DEV Community

Zain Ul Abideen Rizvi
Zain Ul Abideen Rizvi

Posted on • Originally published at zainulabideenrizvi.hashnode.dev

I Built AI Smart Glasses That Respond in Under 2 Seconds — Here's How

Real-time voice + vision pipeline using Groq, Whisper, and gTTS on a budget


I got tired of watching expensive AI glasses demos that cost $500+ and still have a 5-second lag before they respond. So I built my own — and got the full voice + vision pipeline under 2 seconds end-to-end.

This post covers the exact architecture, the bottlenecks I hit, and what actually made the difference in latency.


What It Does

You put on the glasses, ask a question out loud, and within 2 seconds you get a spoken response — based on both what you said and what the camera sees.

Example: "What's written on this sign?" → glasses see the sign → AI reads it → speaks the answer in your ear.

Or: "Is this a good deal?" → glasses see a price tag → LLM compares context → responds.


The Stack

Component Tool Why
Speech-to-Text faster-whisper / Groq Whisper Speed
Vision LLM Groq llama-4-scout Free tier, fast inference
Text-to-Speech gTTS Lightweight, no API cost
Deployment Oracle Cloud Free Tier Always-free compute
Hardware Raspberry Pi + USB camera + earpiece ~$60 total

The key insight: Groq's inference API is the fastest available right now.

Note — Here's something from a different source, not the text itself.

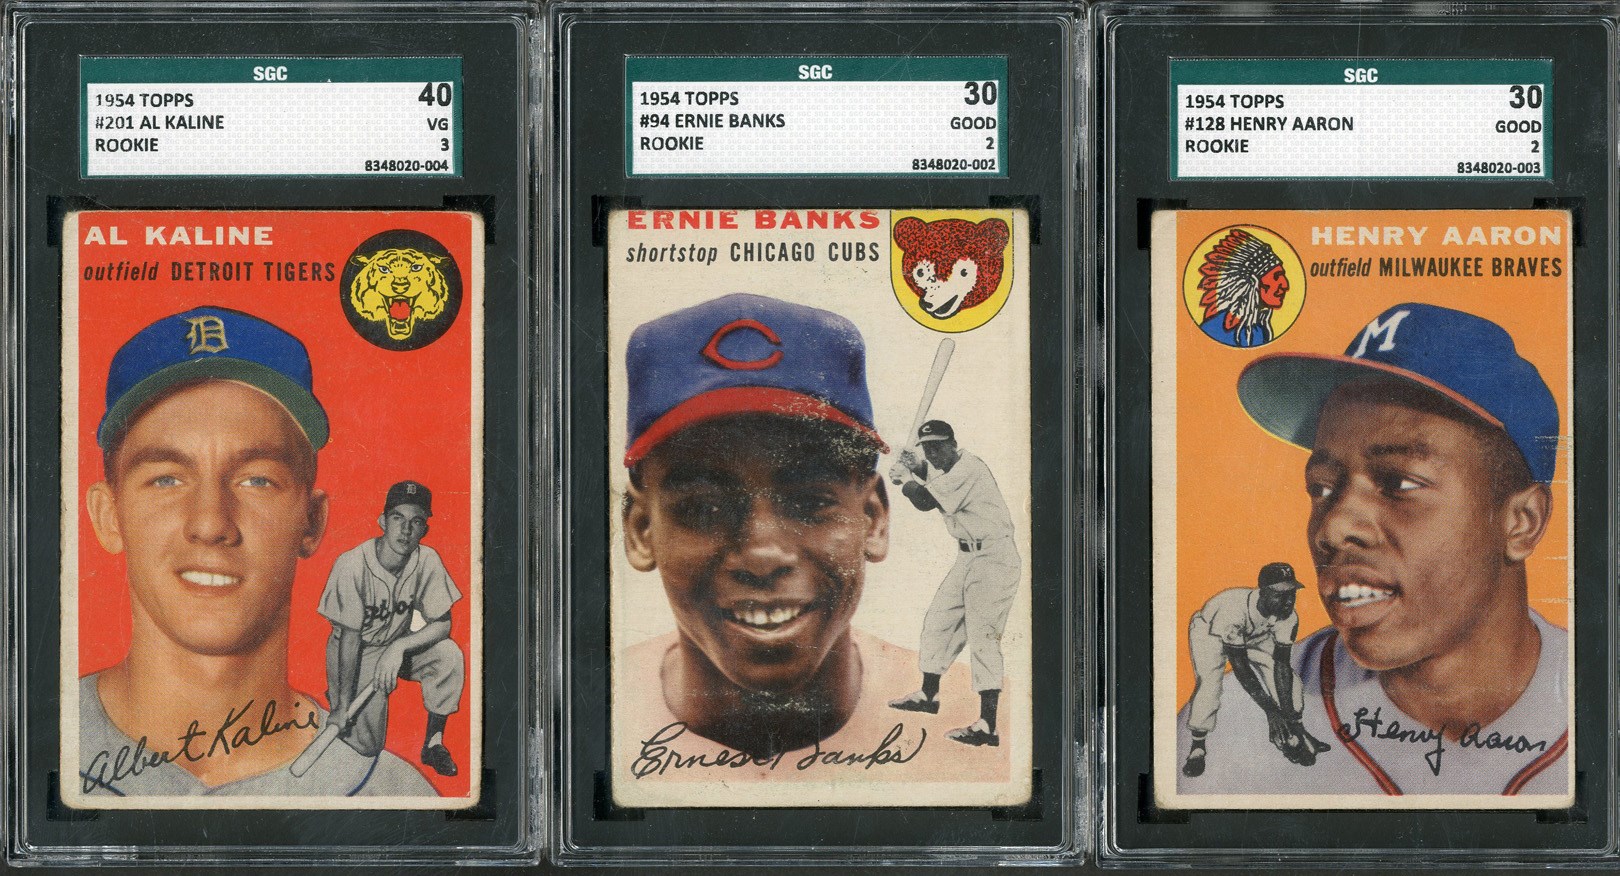 Baseball and Trading Cards - 1954 Topps Complete Set (250 Cards - 3 SGC Graded)

Most latency problems in AI pipelines come from the LLM call. Groq runs on LPUs (Language Processing Units) instead of GPUs, which cuts inference time dramatically compared to OpenAI or Gemini.


Architecture Overview

[Microphone]
     ↓
[VAD — Voice Activity Detection]
     ↓
[faster-whisper STT — local]  ← or Groq Whisper API
     ↓
[Frame capture from camera]
     ↓
[Groq llama-4-scout — vision + text input]
     ↓
[gTTS — text to speech]
     ↓
[Earpiece output]
Enter fullscreen mode Exit fullscreen mode

Everything runs on Oracle Cloud Free Tier (ARM instance, 4 cores, 24GB RAM — genuinely free).

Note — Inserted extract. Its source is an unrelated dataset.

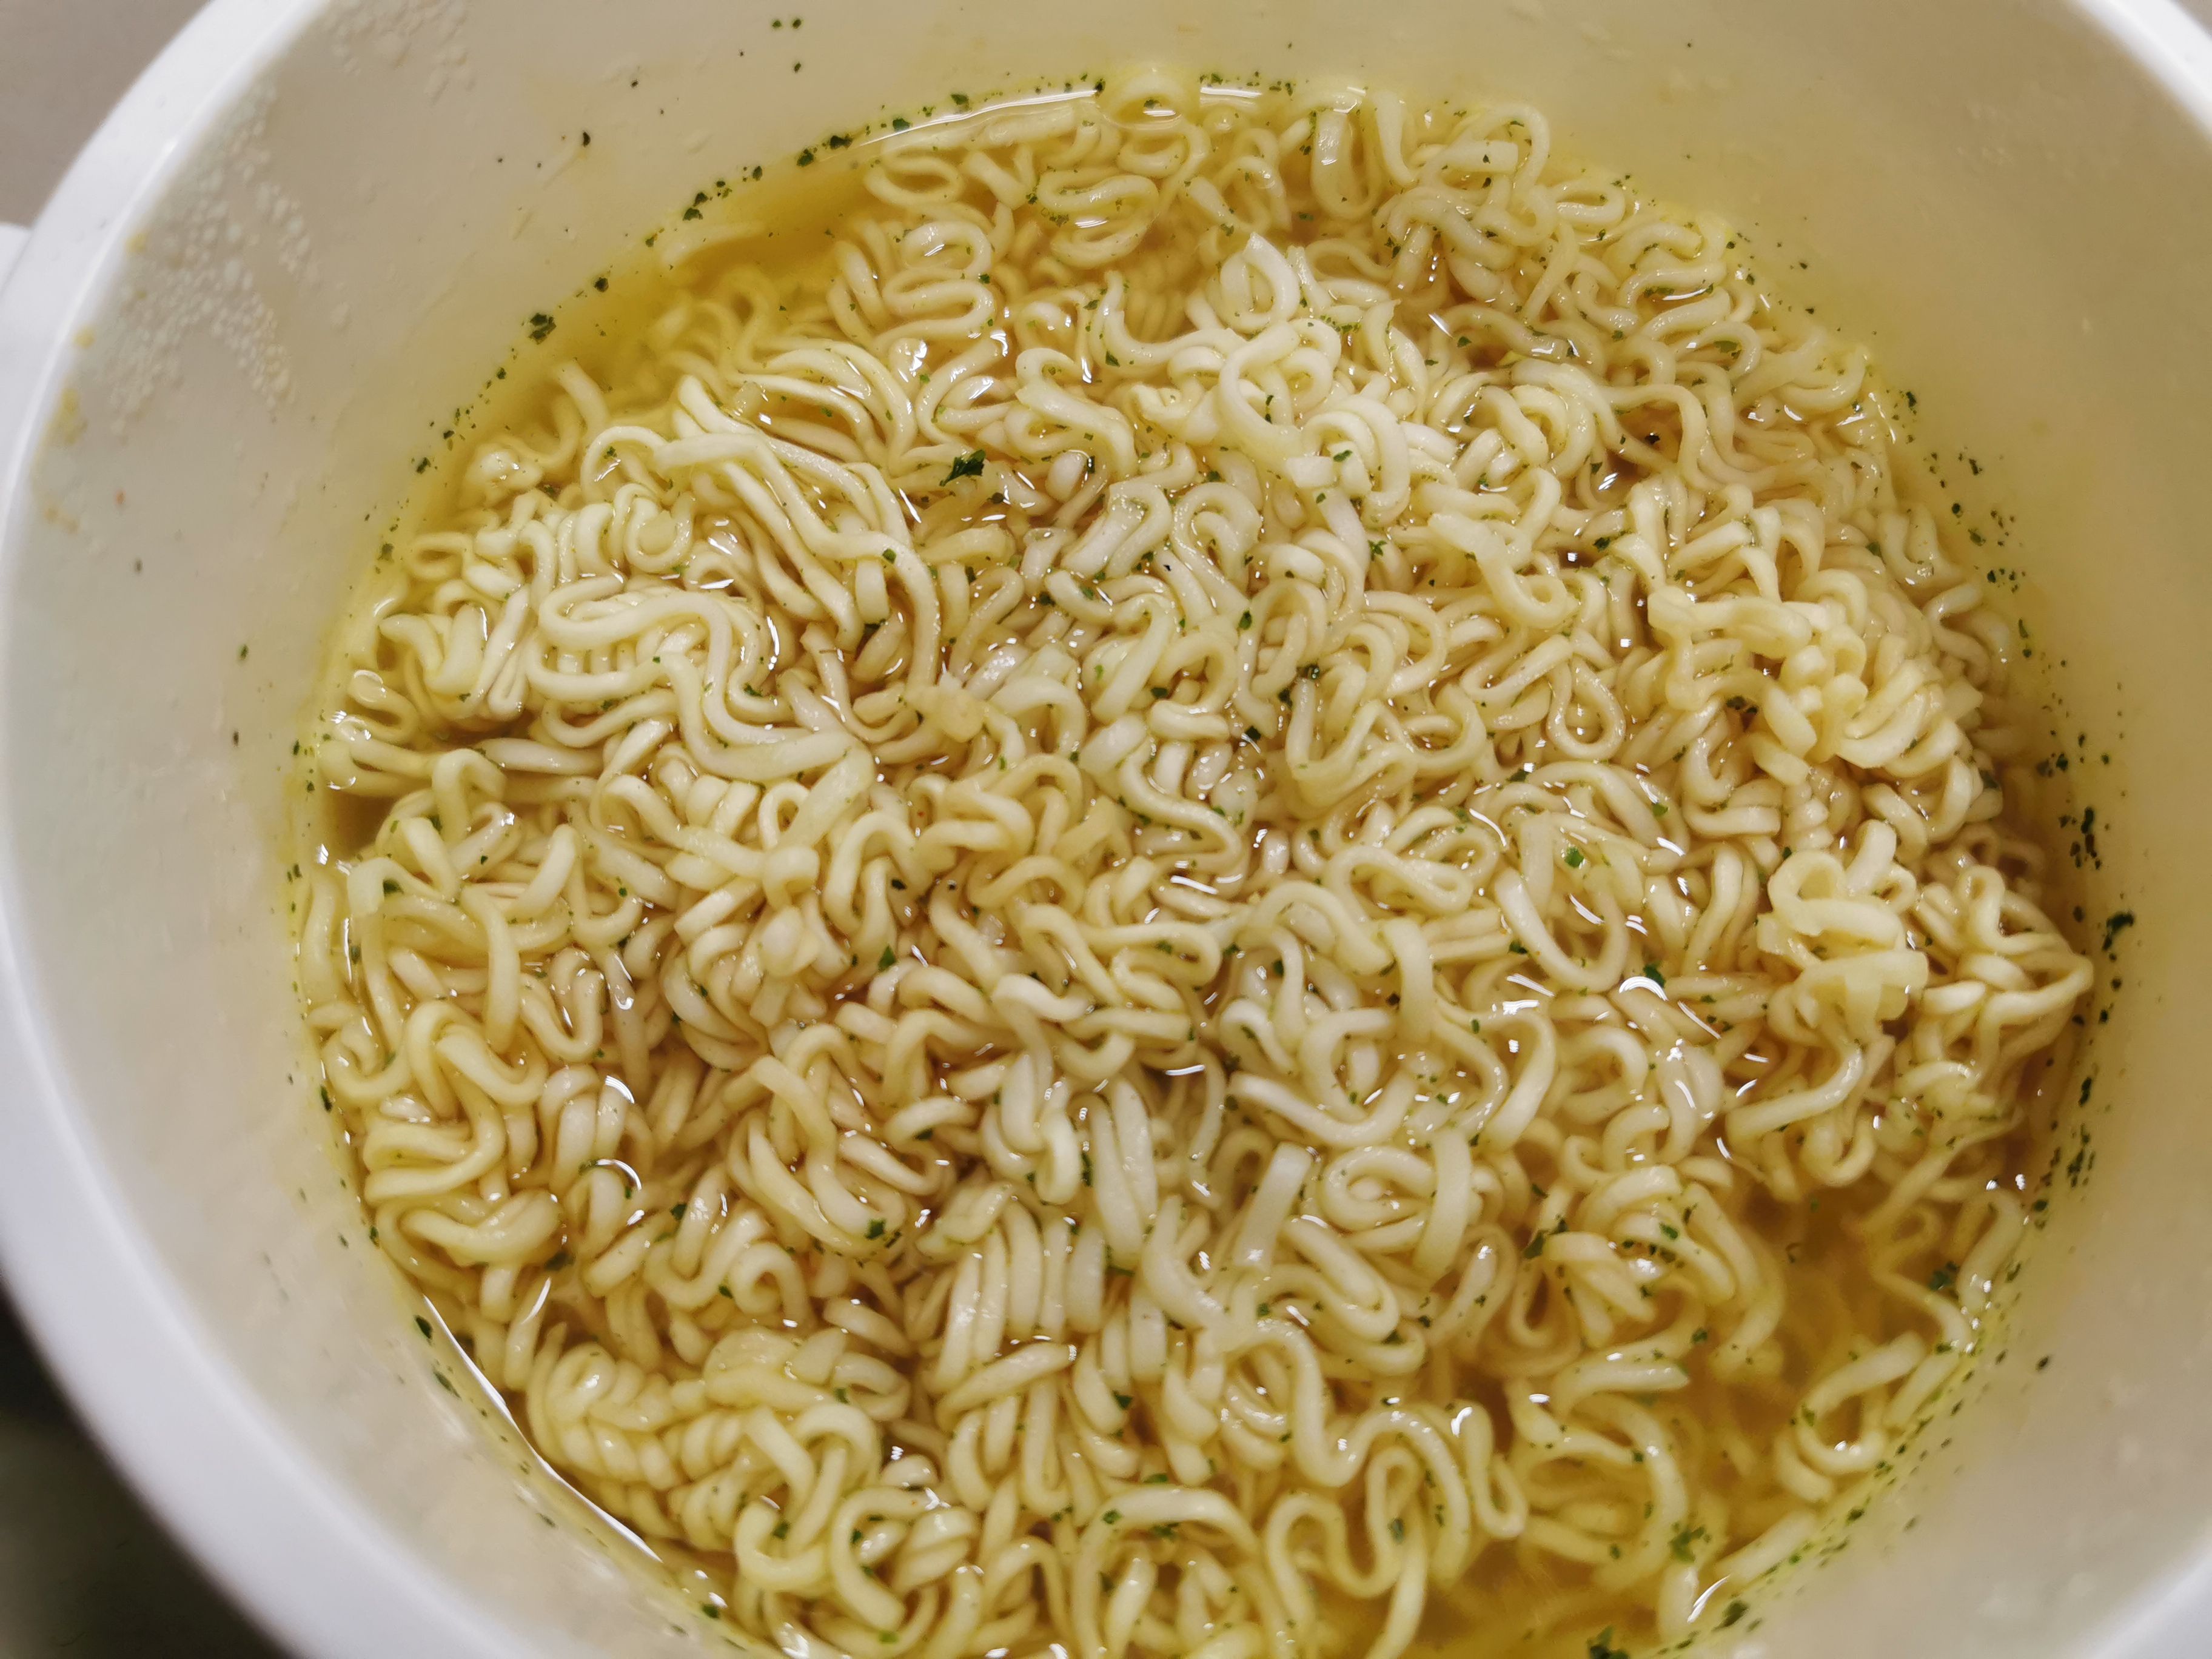 #2302: Anacom "Instant Noodles with Spicy Chicken Flavour"

Step 1: Speech Detection Without Constant Listening

The first mistake I made was running Whisper on a continuous stream. It's slow and wasteful.

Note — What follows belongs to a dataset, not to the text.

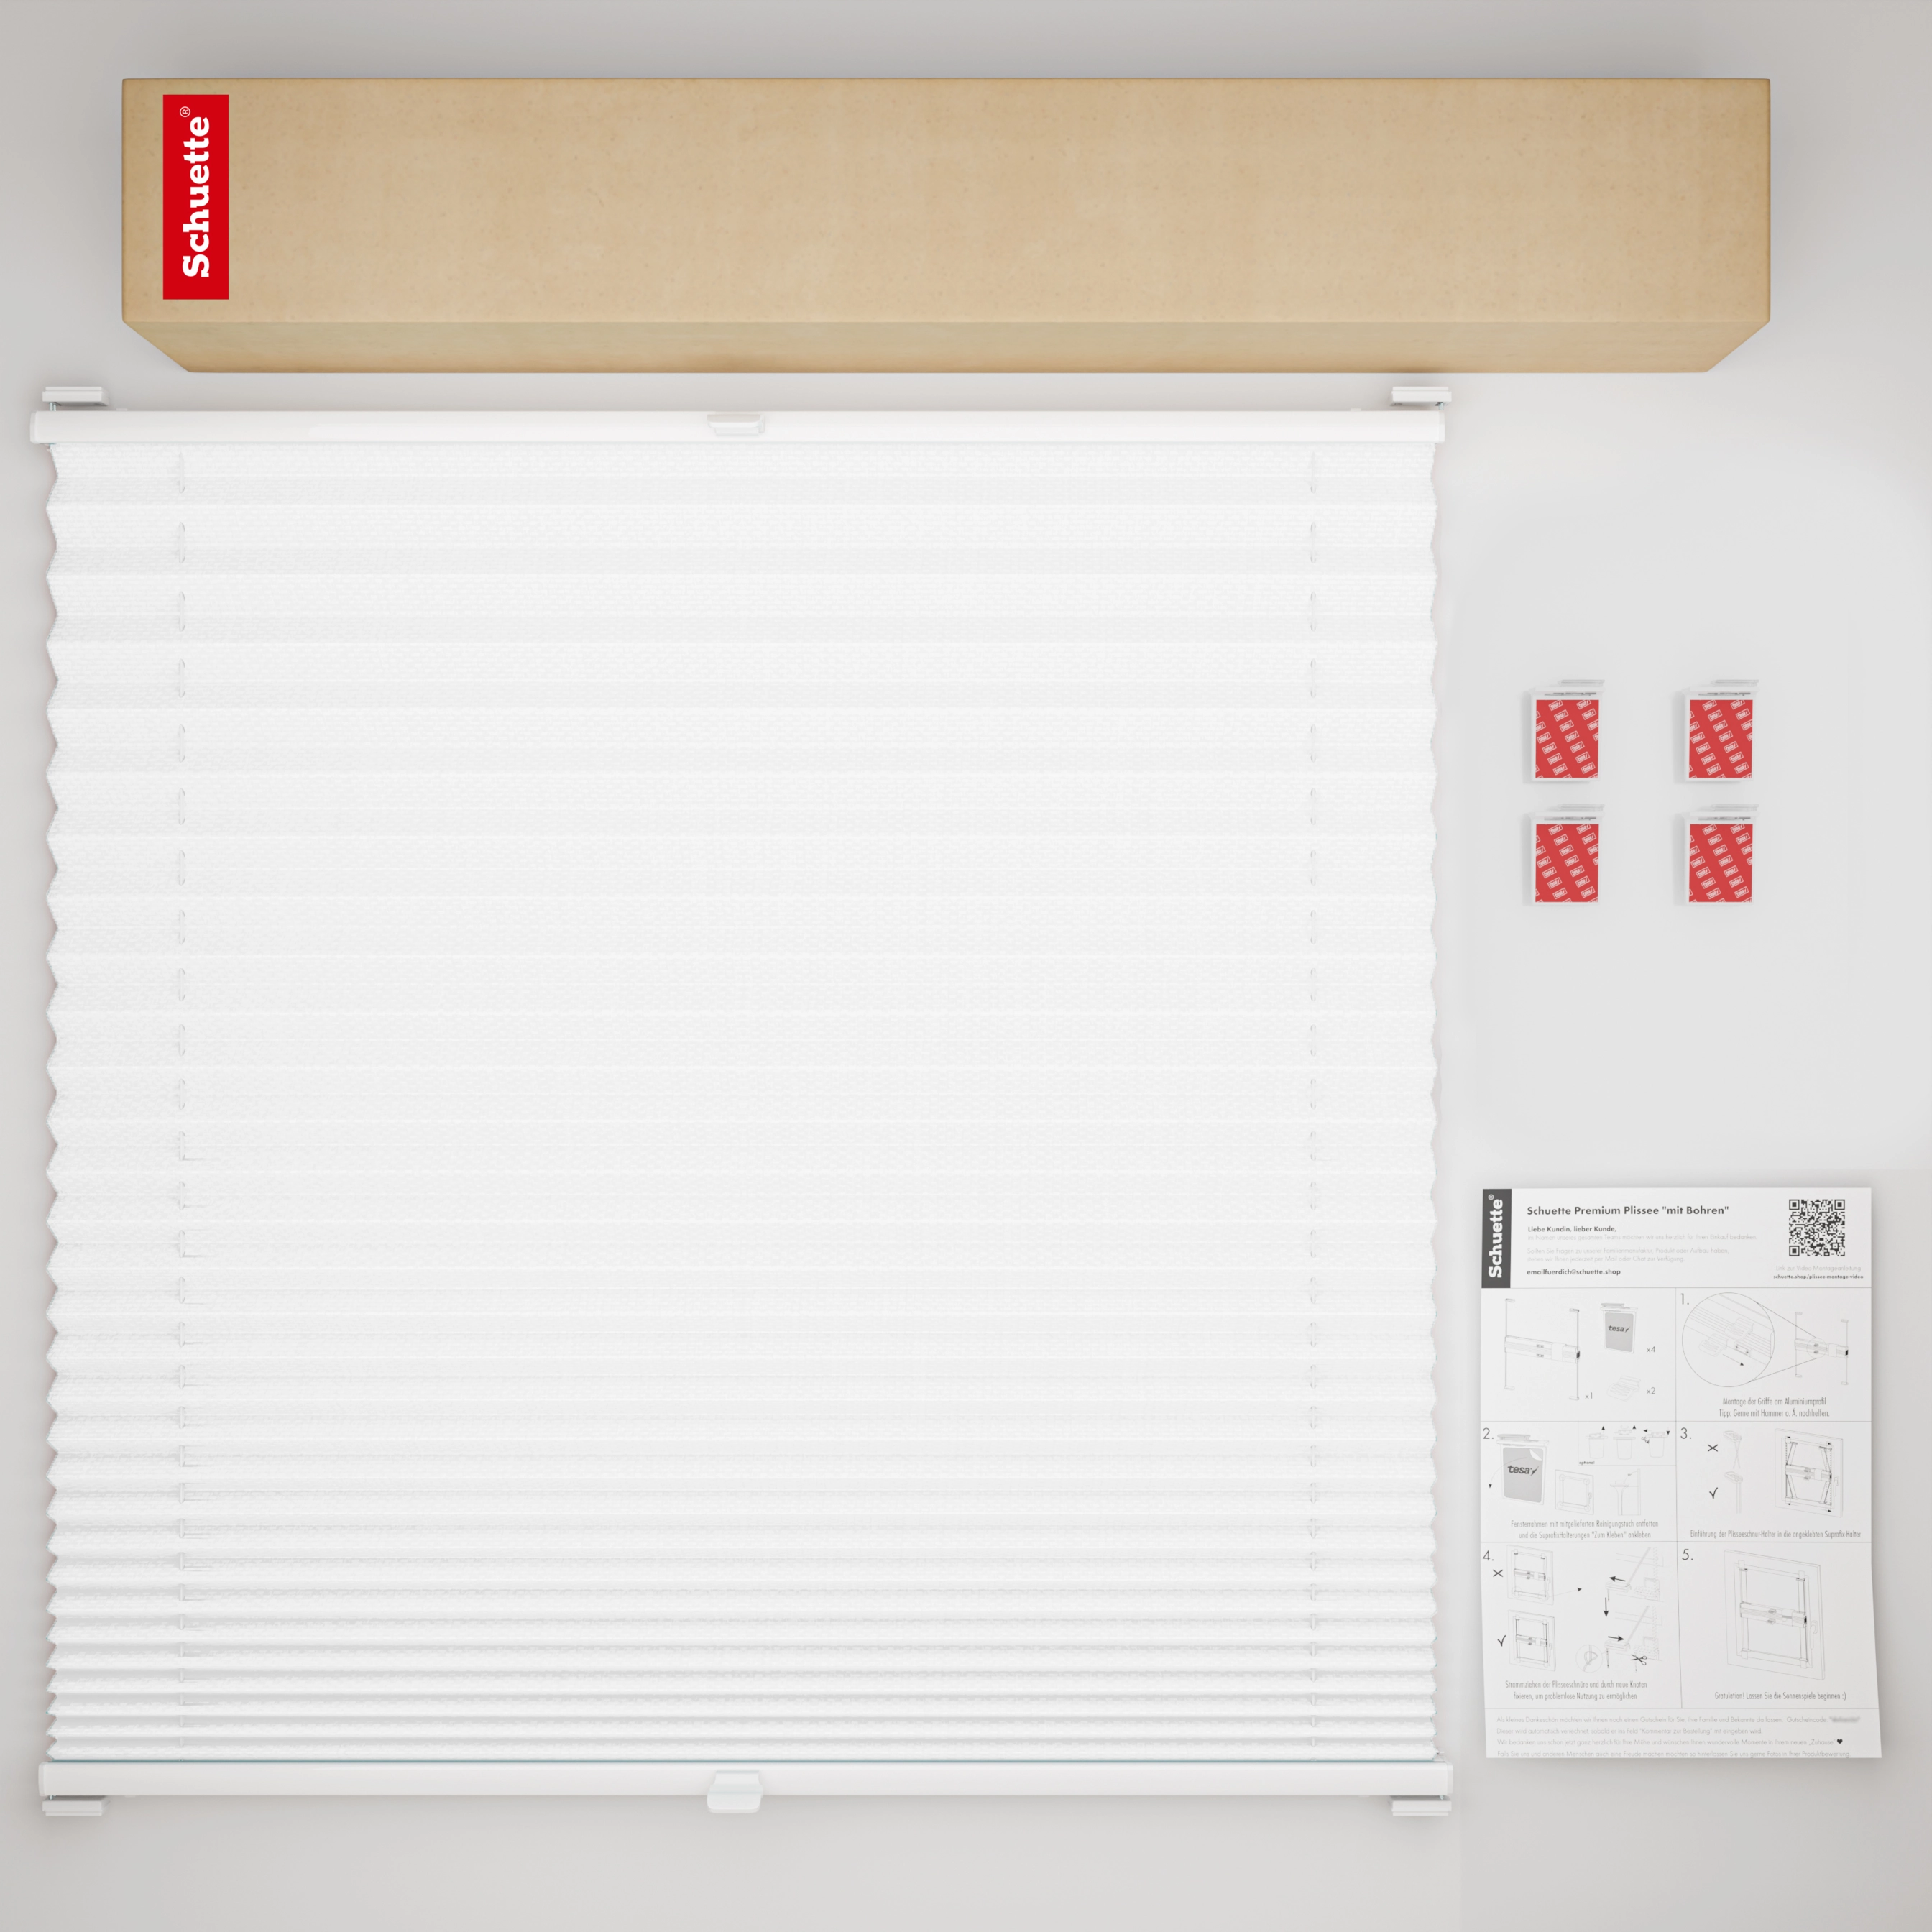 Schuette® Pleated blind without drilling made-to-measure • Suprafix Mounts “For glueing” • Premium Collection: White Day (White) • Profile color: White

The fix: use Voice Activity Detection (VAD) to only run STT when someone is actually speaking.

import webrtcvad
import pyaudio

vad = webrtcvad.Vad(2)  # aggressiveness 0-3

def is_speech(audio_chunk, sample_rate=16000):
    return vad.is_speech(audio_chunk, sample_rate)
Enter fullscreen mode Exit fullscreen mode

This alone saved ~400ms per request by eliminating unnecessary Whisper calls on silence.


Step 2: Fast Transcription with faster-whisper

faster-whisper is a reimplementation of OpenAI Whisper using CTranslate2. On CPU it's 4x faster than the original.

from faster_whisper import WhisperModel

model = WhisperModel("base", device="cpu", compute_type="int8")

def transcribe(audio_path):
    segments, _ = model.transcribe(audio_path, beam_size=1)
    return " ".join([s.text for s in segments])
Enter fullscreen mode Exit fullscreen mode

Use beam_size=1 for speed. You lose a tiny bit of accuracy, but for conversational input it doesn't matter.

Alternatively, use the Groq Whisper API if you want zero local processing — it's fast and has a generous free tier.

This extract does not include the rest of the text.